I’m open to suggestions/ideas if there is anything else that could be done to improve the “offering”.
- Venia Silente ( @veniasilente@lemm.ee ) English1•11 months ago
so I can only see a couple of ways to make a better “offering”
(2.) mostly covers pretty much anyone one would want to do, offer-wise. It’s also the aspect that’s currently the most distinguishable across the instances marketplace. But the issue is, it’s one thing to say that you are going to offer a different defederation / moderation policy (“we’re going to allow piracy”, for example) and another thing is sticking to it (“, unless some legal threat”). If what you are saying is “I’m not gonna block piracy until it’s somehow inconvenient for me”, not only is that the same flat offering most of everyone else is making, but it’s also a nebulous offering because it tells a new user nothing useful and offers no commitments: When is that “inconvenient” gonna be? What is the measure for “inconvenient”? What’s gonna happen then?

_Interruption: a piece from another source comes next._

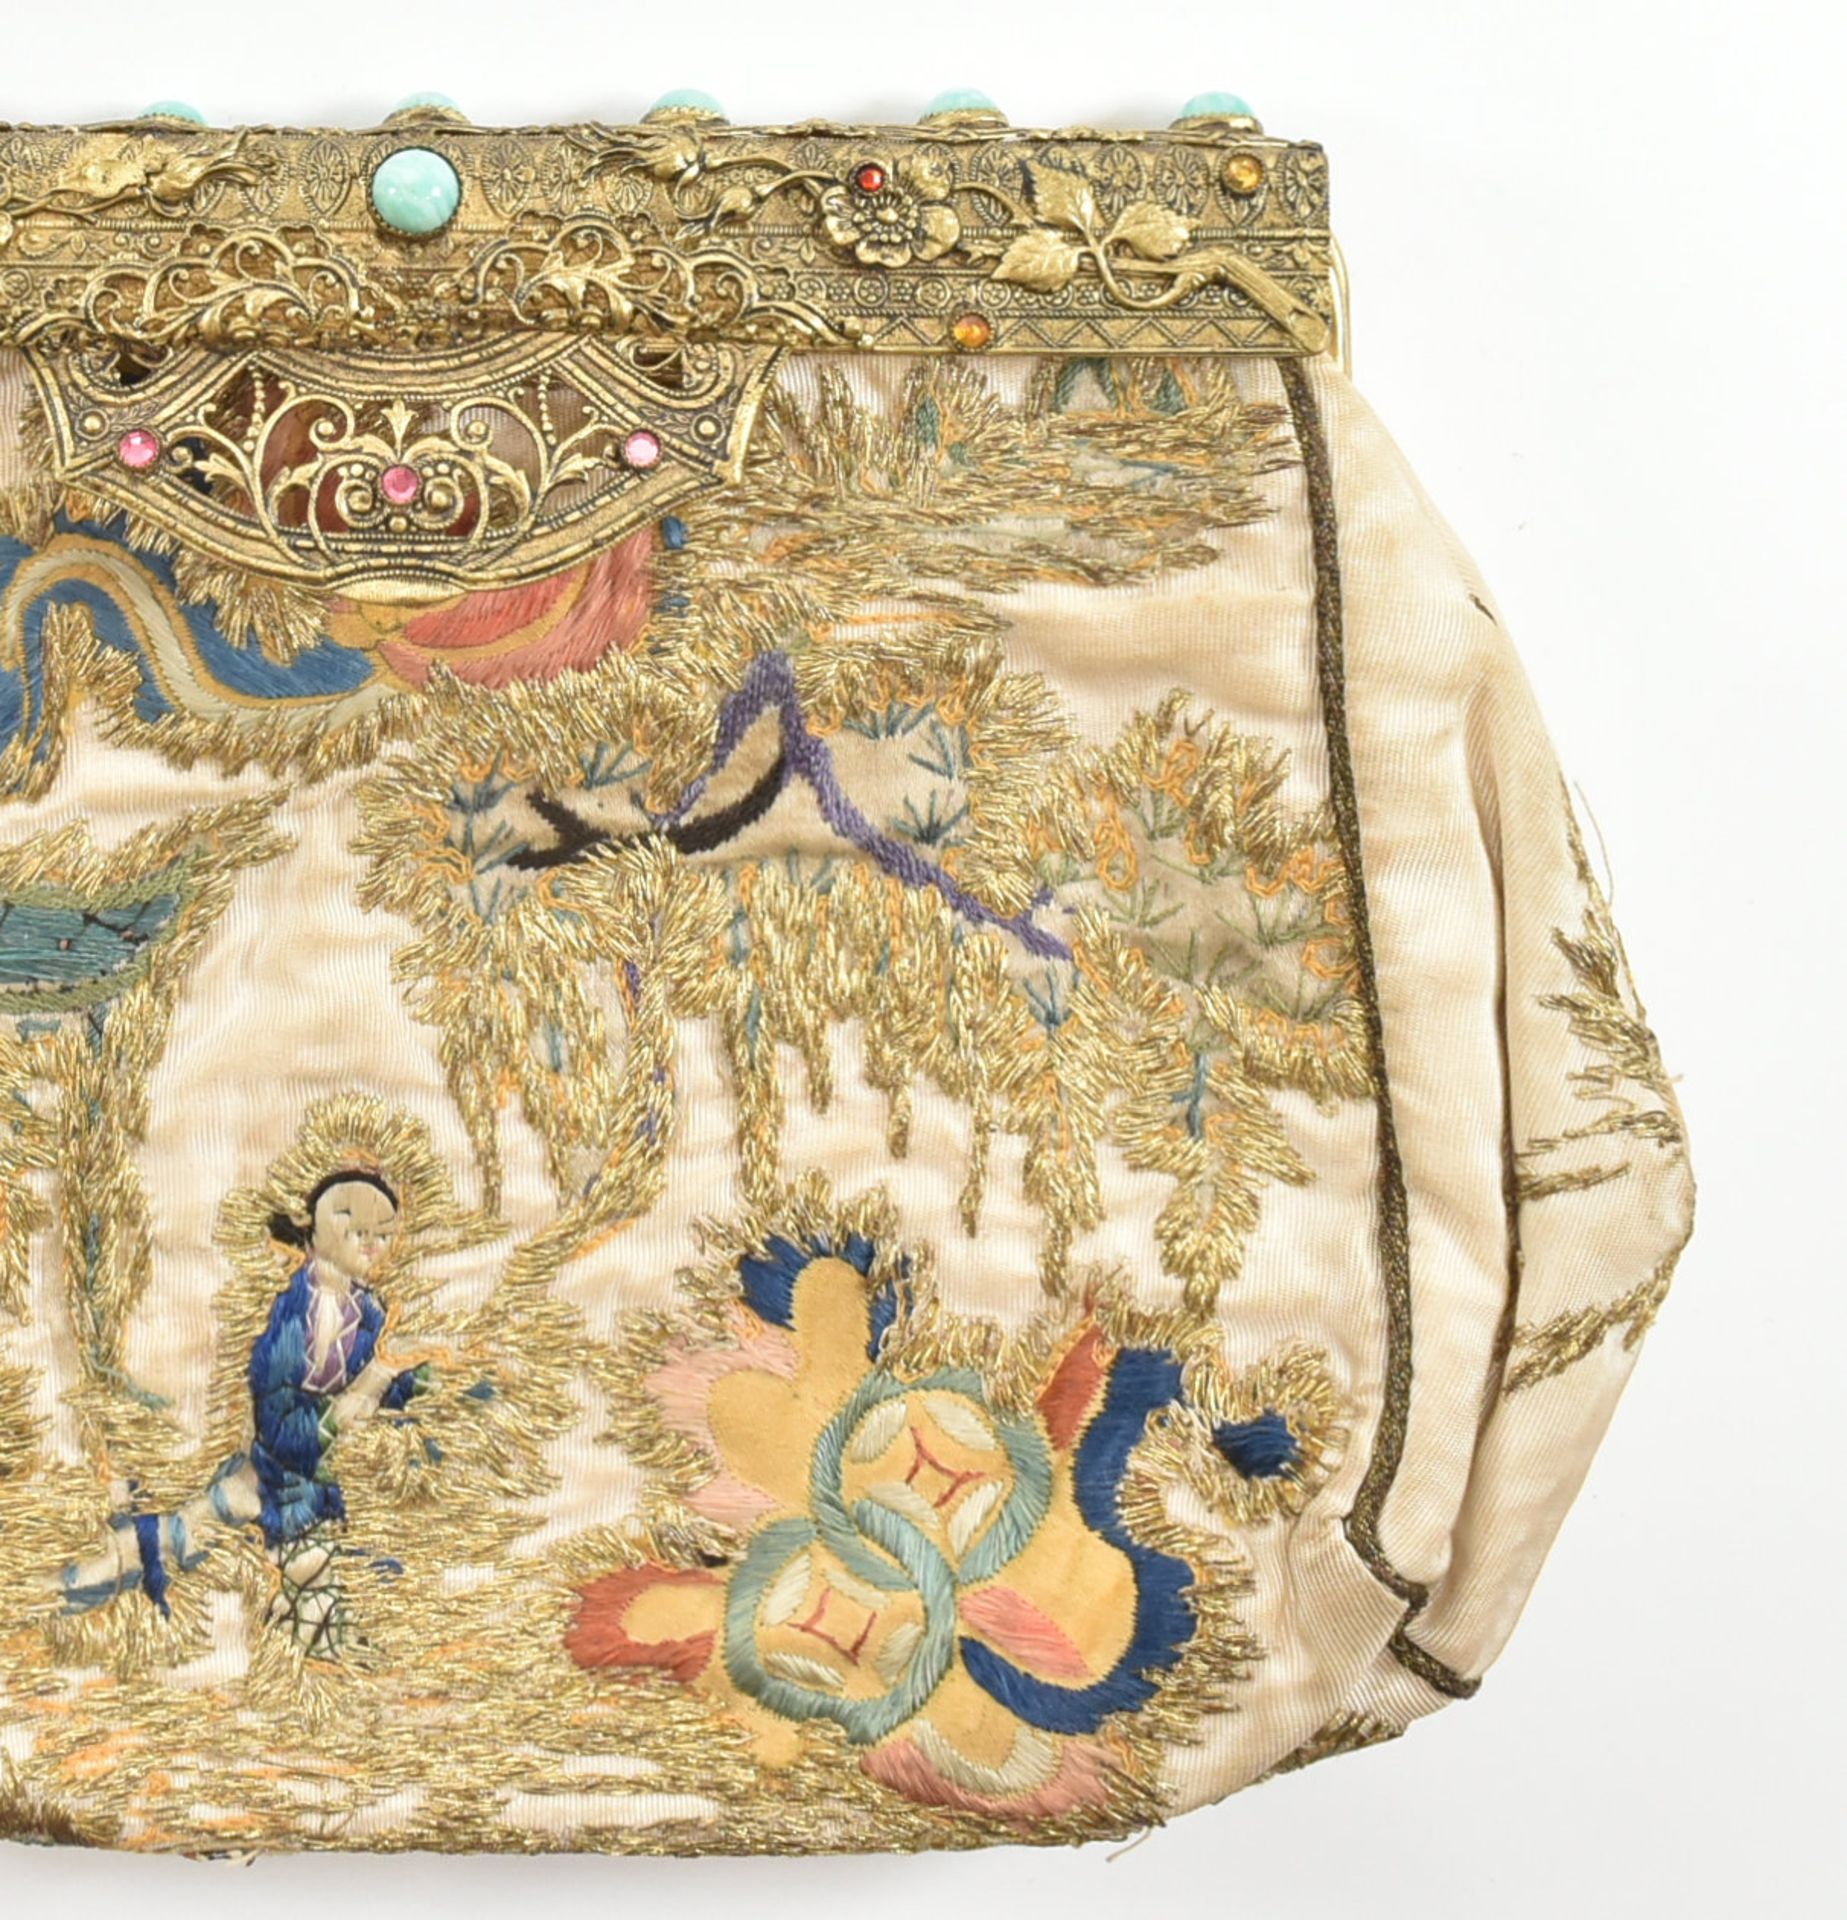 VINTAGE CZECH & CHINOISERIE EMBROIDERED HAND BAG - Image 10 of 10

How will we know? (no, suddenly finding that the instance you had an account on now redirects to the FBI is not good enough).
I’m open to suggestions/ideas if there is anything else that could be done to improve the “offering”.
Add more qualifications to your offering, such as:
- Are you going to close upon any legal threat, or only upon a certain degree or size of threat?
- From the US only, or from any country?
- Will you close instantly, or will you guarantee a Minimum Survivability Timeframe for eg.: helping users to migrate away, like Mastodon’s covenant does?
but I have added multiple frontends(like lemmy.world).
If you add the JS-less frontends, you, like others who are doing it, are doing Yahweh / Arceus / Allah / Amaterasu 's work.
- Philip ( @lemmy@endlesstalk.org ) English2•11 months ago
Thank you for clarifying(and sorry for the late answer).
For you (and anyone interested) I will answer the questions you asked.
Are you going to close upon any legal threat, or only upon a certain degree or size of threat?
If the legal threat is real(they have a real chance to win in a court) and there is nothing I could do(come to an agreement, move the hosting to another server etc), then I would close the server.
From the US only, or from any country?
Server is hosted in Germany
Will you close instantly, or will you guarantee a Minimum Survivability Timeframe for eg.: helping users to migrate away, like Mastodon’s covenant does?
As long as there aren’t fines for keeping the website up or I get arrested, I would give a notice, so users can move to another server.
- lud ( @lud@lemm.ee ) 1•11 months ago
What’s the difference between instances except federation and blocked communities? It’s the same content anyways.